O heliporto do Hospital Pedro Hispano, em Matosinhos, será encerrado temporariamente. A decisão foi tomada após a ANAC recomendar o cancelamento da atividade, devido a obstáculos nos canais de descolagem, levantamento e aterragem que põem em risco a operação.

A Administração da Unidade Local de Saúde de Matosinhos comunicou a suspensão enquanto a autoridade analisa o processo de autorização. A SPEPH e outras entidades já foram informadas do desenrolar da situação.

Segundo o documento da gestão de risco da ULSM, a localização atual não é a ideal face à envolvente. O relatório aponta que não há possibilidade de alterar o sentido dos canais de aproximação.
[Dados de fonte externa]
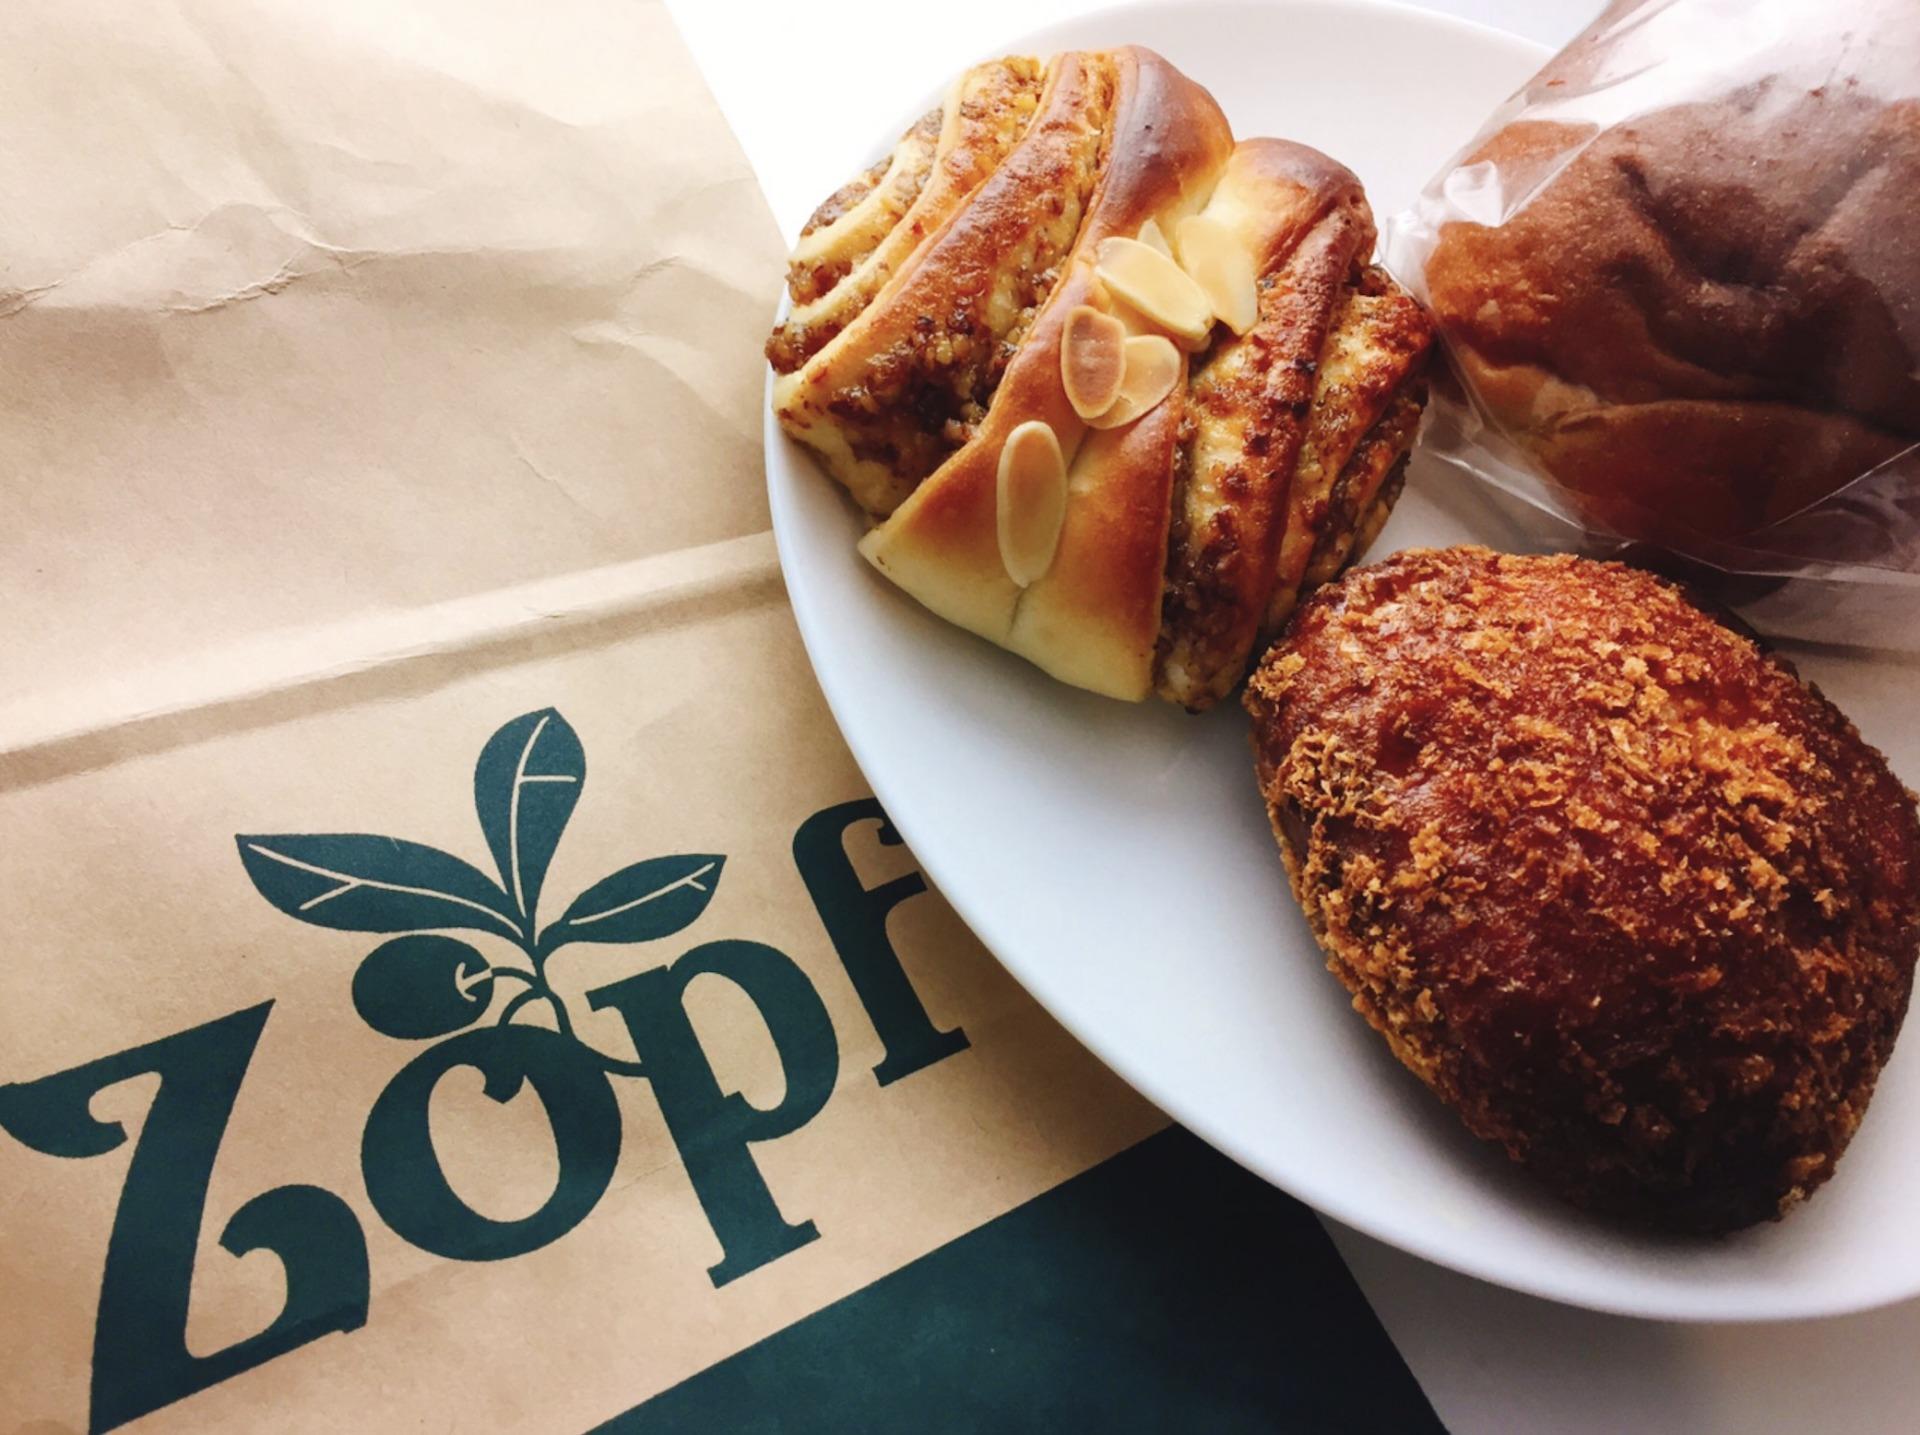 『Zopf』のカレーパン

O texto aponta que o heliporto, de superfície, poderia passar a estar elevado, com cerca de 10 metros de altura, para melhorar a segurança. A decisão envolve também a avaliação de futuros ajustamentos.

De acordo com a SPEPH, a suspensão de helicópteros de emergência pode ter impactos na rede de transportes médicos de urgência. O presidente Carlos Silva reforçou a necessidade de condições de segurança adequadas em todos os heliportos.

A SPEPH defende que, quando existem estruturas sem condições, devem ser criadas as condições necessárias para a operacionalização segura. O presidente alerta para situações em outros hospitais, não apenas no Pedro Hispano.

A ULSM indicou que o heliporto recebe voos sobretudo para transferir doentes para os hospitais da Área Metropolitana do Porto. Em 2025, registaram-se cerca de 90 voos relacionados com helitransportes.

A Lusa solicitou esclarecimentos à ANAC e ao INEM e aguarda resposta. As informações oficiais já indicam a suspensão temporária enquanto o processo é revisto.